Everolimus (Certican) is being developed for prevention of acute and chronic rejection of solid organ transplants. A novel proliferation inhibitor, everolimus synergies with cyclosporine to prevent and reverse acute rejection in preclinical models of kidney, heart or lung transplantation. The manifestations of chronic rejection that may contribute to graft loss are also inhibited by everolimus in preclinical models. Although everolimus is metabolised by the cytochrome P450 CYP3A isoenzyme, coadministration with cyclosporine does not alter the pharmacokinetics of cyclosporine, but cyclosporine coadministration increases exposure to everolimus. Everolimus interacts with inhibitors and inducers of this system; its clearance is reduced in patients with hepatic impairment. In an immunosuppressive regimen with cyclosporine microemulsion formulation and corticosteroids, transplant recipients treated with everolimus show low rates of acute rejection and, in one heart and one renal trial, lower rates of cytomegalovirus infection.
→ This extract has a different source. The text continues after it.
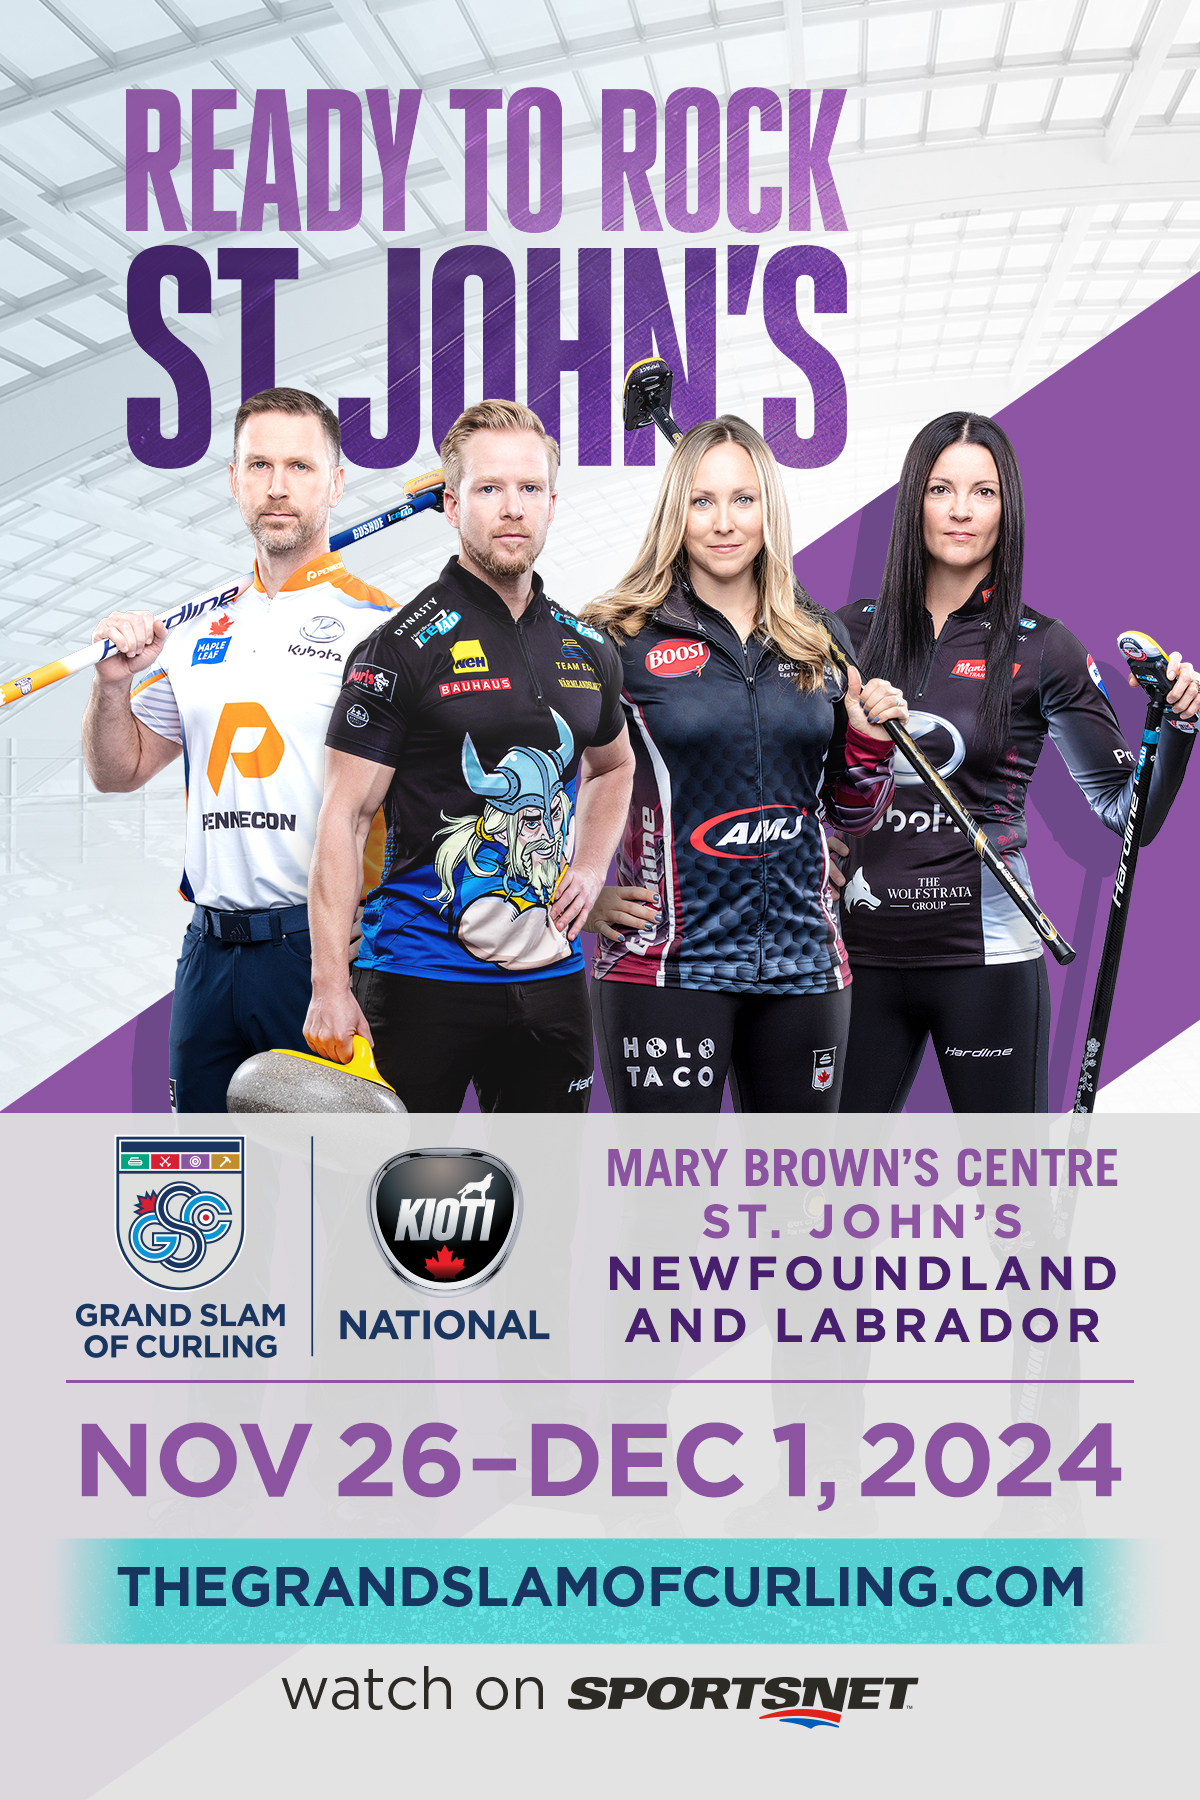 Grand Slam of Curling KIOTI National

Acute rejection rates are lower than those seen with azathioprine in cardiac transplant recipients and similar to those seen with mycophenolate mofetil in renal transplant recipients. Low rates of acute rejection are maintained when everolimus is given as part of a quadruple immunosuppressive regimen with low-dose cyclosporine in renal transplant recipients, with the added benefit of better renal function compared with full-dose cyclosporine. Use of C(2) monitoring to optimise cyclosporine exposure and enhance efficacy and safety of everolimus is planned in future studies. Hypertriglyceridaemia and hypercholesterolaemia have been associated with everolimus, but these effects are not dose-limiting. There is no clear upper therapeutic limit of everolimus. However, thrombocytopenia occurs at a rate of 17% at everolimus trough serum concentrations above 7.8 ng/ml in renal transplant recipients. There are limited safety data available in patients with trough concentrations > 12 ng/ml. Studies suggest everolimus targets primary causes of chronic rejection by reducing acute rejection, allowing for cyclosporine dose reduction (which may lead to improved renal function relative to full-dose cyclosporine) and by reducing cytomegalovirus infection and inhibiting vascular remodelling.